Vantiv is Fifth Third's former payment processing subsidiary, which the bank spun-off through a public offering in April 2012.  Fifth Third during the third quarter booked an $85 million gain on the sale of Vantiv shares, which came to $55 million after tax, or 6 cents a share.  The bank also realized a gain of $4 million after tax on the valuation of a warrant it holds to purchase Vantiv shares.  Fifth Third said its remaining ownership interest in Vantiv was worth about $1.4 billion as of Sept. 30, with the warrant worth an additional $293 million.

Usdin's price target of $23 for Fifth Third's stock assumes the "Fed remains on hold until mid-'15."  By this he means the Federal Reserve doesn't raise the target range for the short-term federal funds rate until the middle of 2015.

Most investors on Wednesday will be much more focused on the Federal Reserve's "QE3" purchases of long-term U.S. Treasury bonds and agency mortgage-backed securities, which have been running at a net pace of $85 million a month since September 2012. 

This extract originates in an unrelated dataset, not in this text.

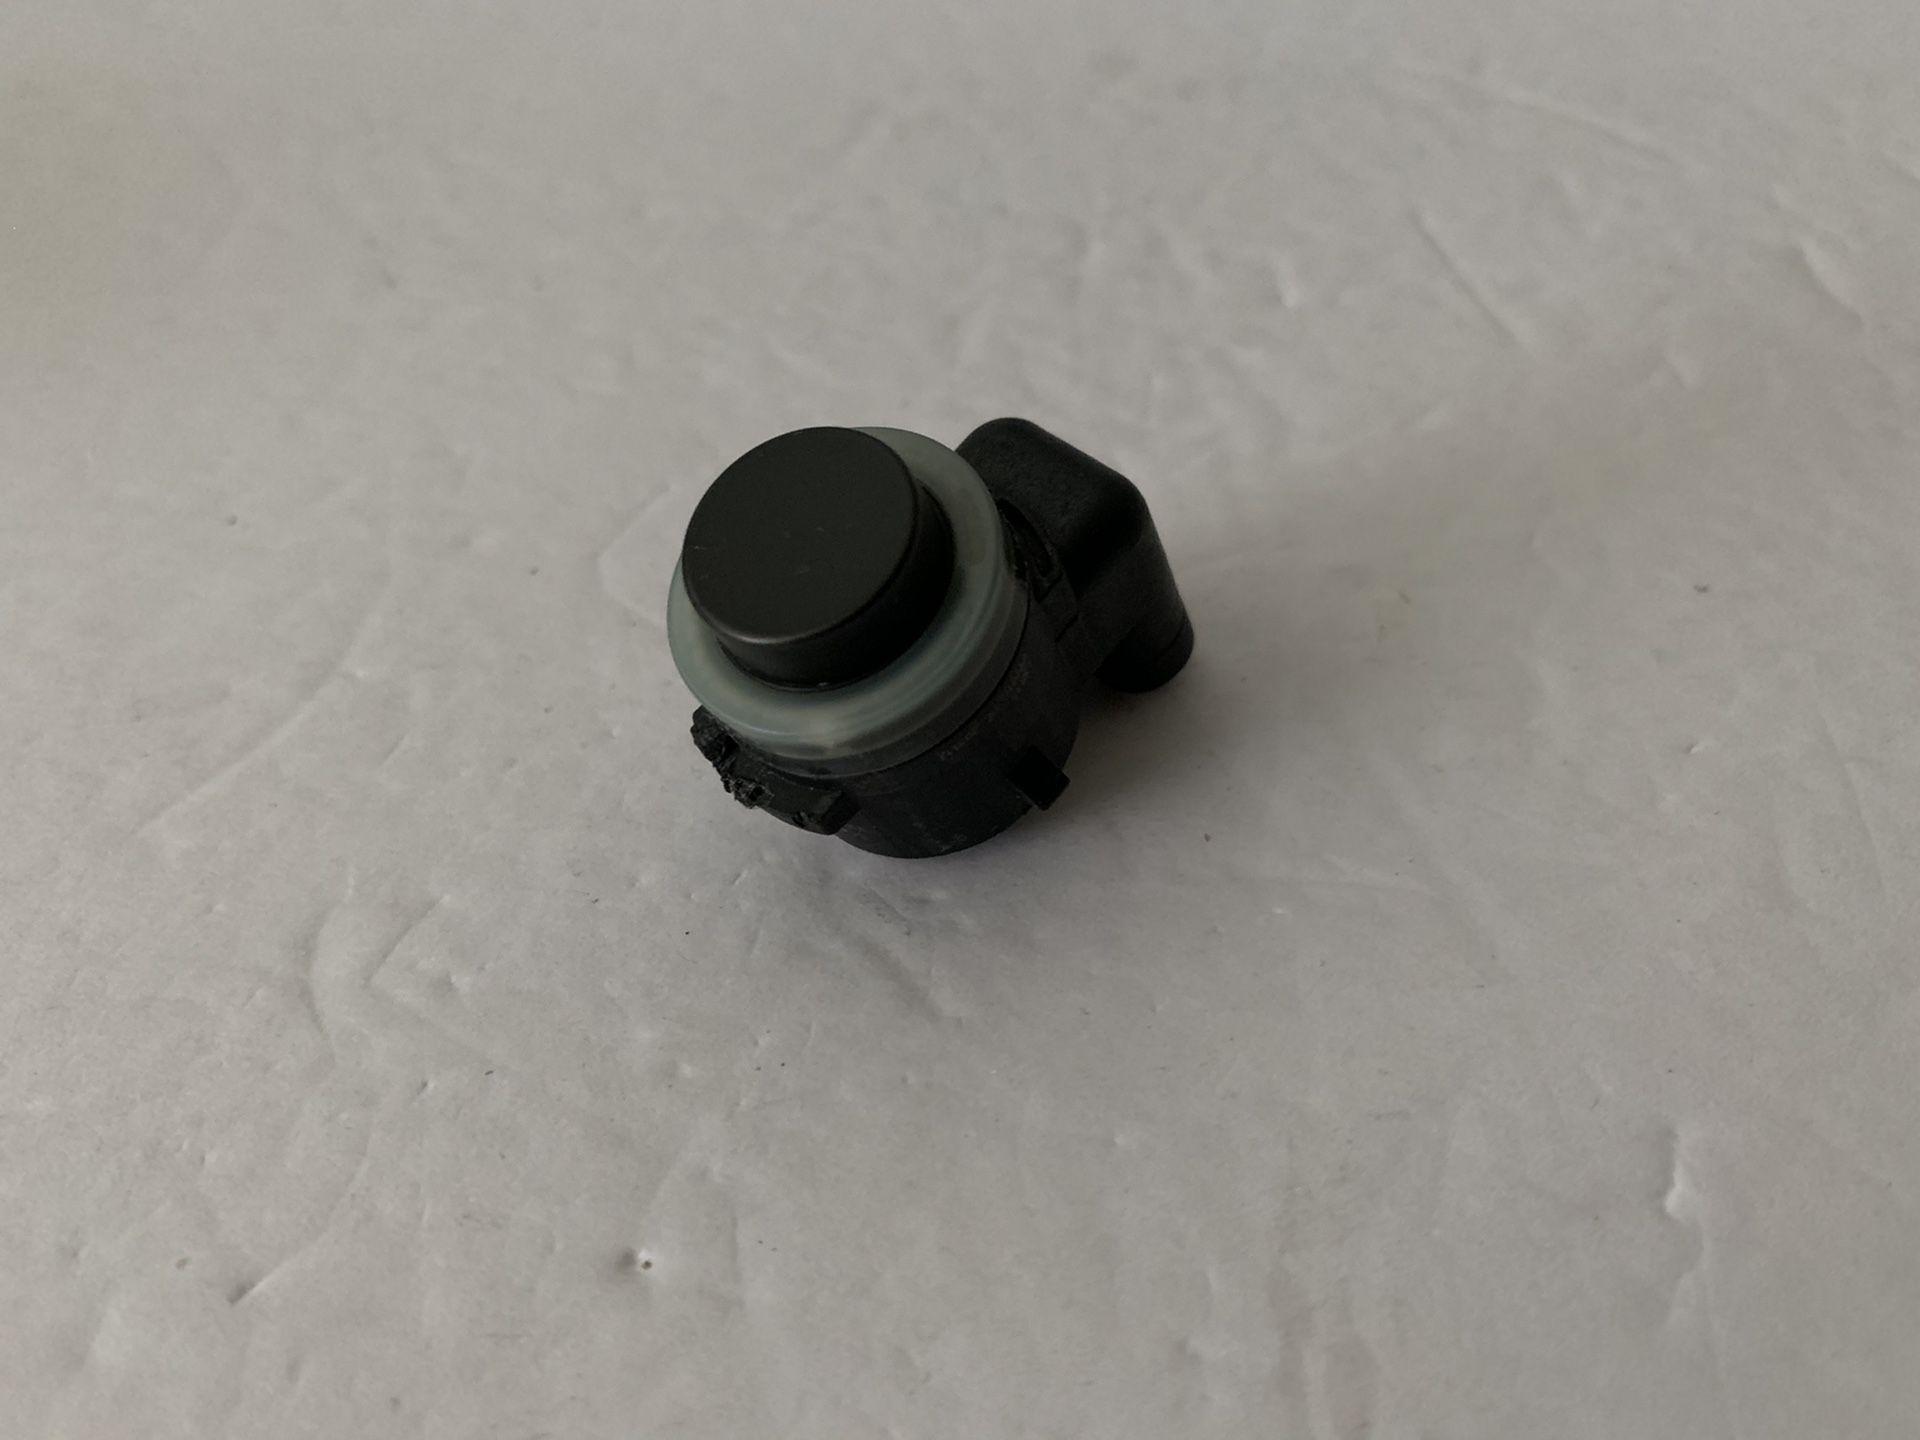 2017-2020 Porsche Panamera Parking Sensor Black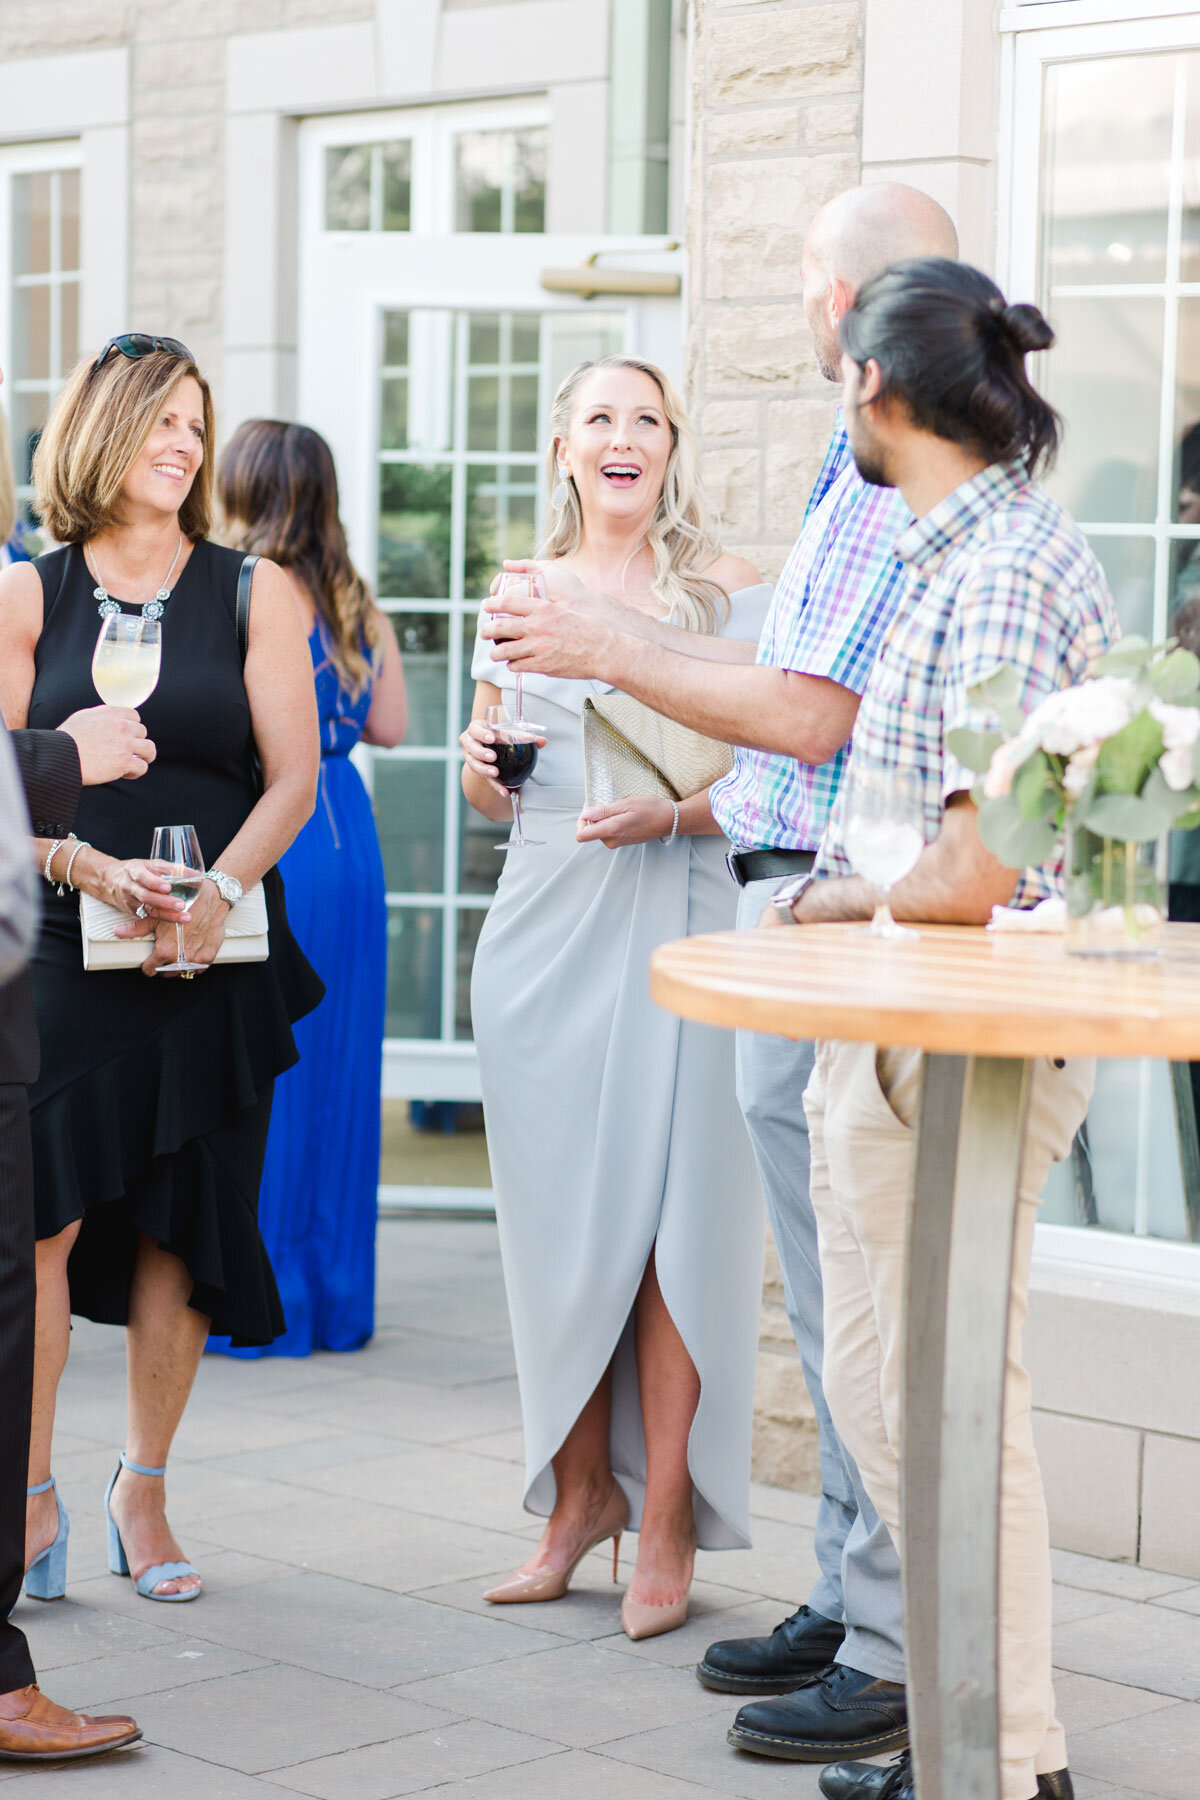 Chateau-des-Charmes-Wedding-Summer-Vineyard-Bride-Niagara-on-the-Lake-photos-by-Gemini-Photography-Ontario-0049.jpg

The Federal Open Market Committee on Wednesday concludes its two-day policy meeting, after which outgoing Federal Reserve chairman Ben Bernanke at an afternoon press conference will discuss any changes in the central bank's stimulus policy.  Most economists expect the Fed to begin tapering its bond purchases early next year, although the Fed could have a surprise in store for Wednesday, in light of the continued flow of positive economic reports.